**2.3.4 Pre-training Strategy**

> **Reference recipes:**
> • MiniCPM series
> • phi series
> • DeepSeekMath

These give battle-tested schedules, hyperparameters, and curriculum ideas you can adapt for large-scale Chinese pre-training.

---

### Optimal Batch Size

* **Why it matters:**
  The batch size trades off convergence speed against compute & memory cost.

  * If it’s **too large**, each step consumes huge amounts of data and compute, and beyond a point you see diminishing returns on loss reduction.
  * If it’s **too small**, you waste wall-clock time taking many more steps—and you may not reduce the loss efficiently.

* **Empirical study:**
  On models of 0.009 B, 0.036 B, and 0.17 B parameters, six different batch sizes were tested. The loss surface (C4 loss) vs. batch size and training steps shows a clear “ridge” of optimum batch-size for each model scale.

* **Rule of thumb for C4 loss:**

  $$
    \text{Optimal batch size} \;\;=\;\; \frac{1.2110 \times 10^9}{L^{6.2393}}
  $$

  where $L$ is the sequence length.

*(In the published plots, the red curve traces this optimum across models.)*

---

### WSD (Warmup–Steady–Decay) Scheduler

Most large-model pre-training naturally falls into three phases:

1. **Warmup**
2. **Steady-state**
3. **Decay (annealing)**

During decay, you typically introduce higher-quality data and apply an annealing schedule (e.g. cosine). The **WSD scheduler** formalizes this:

* Let

  * $W$ = number of steps in warmup,
  * $S$ = end of steady-state,
  * $D$ = length of decay.

* Define the learning rate at step $s$ as:

  $$
    \ell r(s) =
    \begin{cases}
      \displaystyle \frac{s}{W}\,\eta, & 0 \le s < W, \\[6pt]
      \eta,                         & W \le s < S, \\[3pt]
      f(s - S)\,\eta,               & S \le s < S + D,
    \end{cases}
  $$

  where

  * $\eta$ = maximum learning rate,
  * $f(\cdot)$ is any monotonically decreasing function with $0 < f(\cdot)\le1$.

**Benefits of WSD:**

1. You can **pause or snapshot** at any phase.
2. It often **outperforms** a pure cosine schedule.
3. Phases are **explicit**, making it easy to swap in different data or curricula.

---

### Pre-training Tricks

* **Keep it simple for long runs:**
  CPT-style runs can last **>1 month**. If your GPU memory suffices, **avoid** adding extra parallelism (tensor\_, pipeline\_, sequence\_parallel), offload, or gradient-recompute—these only complicate debugging.

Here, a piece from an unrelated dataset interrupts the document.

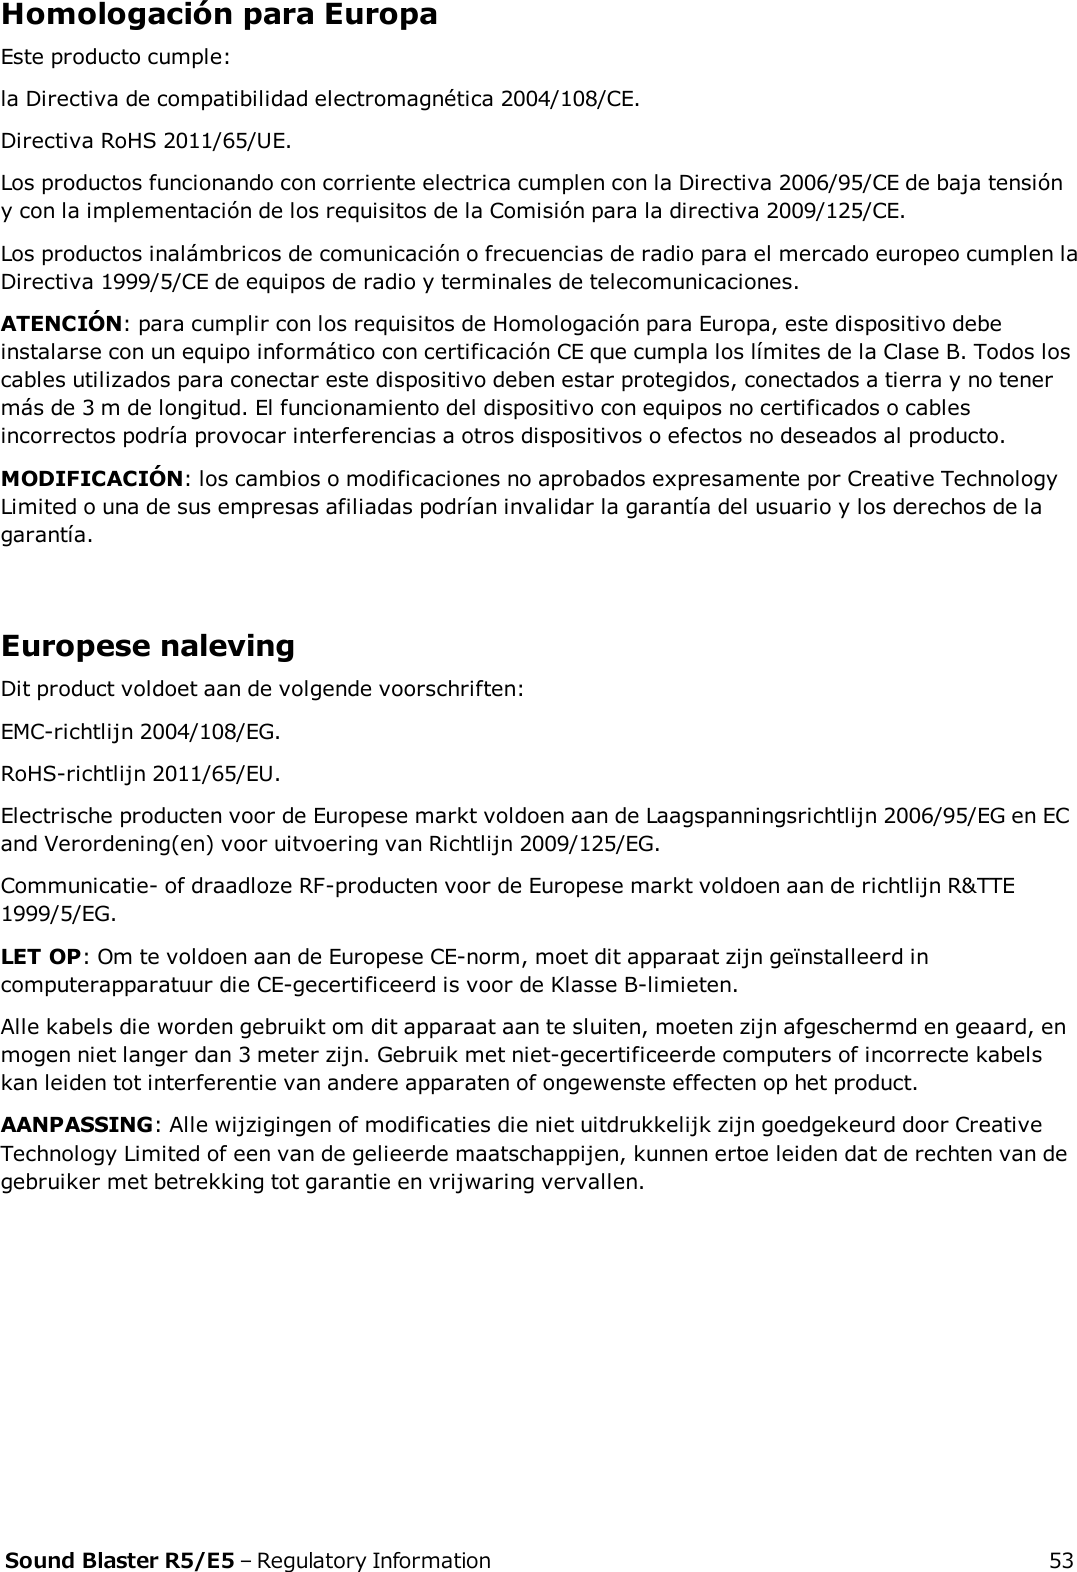 Homologación para EuropaEste producto cumple:la Directiva de compatibilidad electromagnética 2004/108/CE.Directiva RoHS 2011/65/UE.Los productos funcionando con corriente electrica cumplen con la Directiva 2006/95/CE de baja tensióny con la implementación de los requisitos de la Comisión para la directiva 2009/125/CE.Los productos inalámbricos de comunicación o frecuencias de radio para el mercado europeo cumplen laDirectiva 1999/5/CE de equipos de radio y terminales de telecomunicaciones.ATENCIÓN: para cumplir con los requisitos de Homologación para Europa, este dispositivo debeinstalarse con un equipo informático con certificación CE que cumpla los límites de la Clase B. Todos loscables utilizados para conectar este dispositivo deben estar protegidos, conectados a tierra y no tenermás de 3 m de longitud. El funcionamiento del dispositivo con equipos no certificados o cablesincorrectos podría provocar interferencias a otros dispositivos o efectos no deseados al producto.MODIFICACIÓN: los cambios o modificaciones no aprobados expresamente por Creative TechnologyLimited o una de sus empresas afiliadas podrían invalidar la garantía del usuario y los derechos de lagarantía.Europese nalevingDit product voldoet aan de volgende voorschriften:EMC-richtlijn 2004/108/EG.RoHS-richtlijn 2011/65/EU.Electrische producten voor de Europese markt voldoen aan de Laagspanningsrichtlijn 2006/95/EG en ECand Verordening(en) voor uitvoering van Richtlijn 2009/125/EG.Communicatie- of draadloze RF-producten voor de Europese markt voldoen aan de richtlijn R&amp;TTE1999/5/EG.LET OP: Om te voldoen aan de Europese CE-norm, moet dit apparaat zijn geïnstalleerd incomputerapparatuur die CE-gecertificeerd is voor de Klasse B-limieten.Alle kabels die worden gebruikt om dit apparaat aan te sluiten, moeten zijn afgeschermd en geaard, enmogen niet langer dan 3 meter zijn. Gebruik met niet-gecertificeerde computers of incorrecte kabelskan leiden tot interferentie van andere apparaten of ongewenste effecten op het product.AANPASSING: Alle wijzigingen of modificaties die niet uitdrukkelijk zijn goedgekeurd door CreativeTechnology Limited of een van de gelieerde maatschappijen, kunnen ertoe leiden dat de rechten van degebruiker met betrekking tot garantie en vrijwaring vervallen.Sound Blaster R5/E5 – Regulatory Information 53

* **Include instruction data:**
  Early evidence suggests that **mixing in instruction-style examples** (i.e.\ “prompt→response” pairs) helps your model learn more versatile generation behavior.

---

### Multi-Stage Training Flow

A typical four-stage workflow once your data and code are ready:

1. **Warmup**
   Slowly ramp your LR up to the maximum.

2. **Main training**
   Use a schedule like cosine, cosine-decay, constant, or constant-decay. Decide via small-model experiments or literature.

3. **Long-context adaptation**
   Increase RoPE’s base frequency and bump up sequence length so the model masters longer texts.

4. **Final annealing**
   Train on high-quality or in-domain (IFT) data to “hone” the model for benchmarks and downstream tasks.

> **In practice** you often run **two or more phases**:
>
> 1. First, train on the **entire corpus**.
> 2. Then, fine-tune on a **smaller slice**.
> 3. Finally, do a **short anneal** on a **high-quality subset**.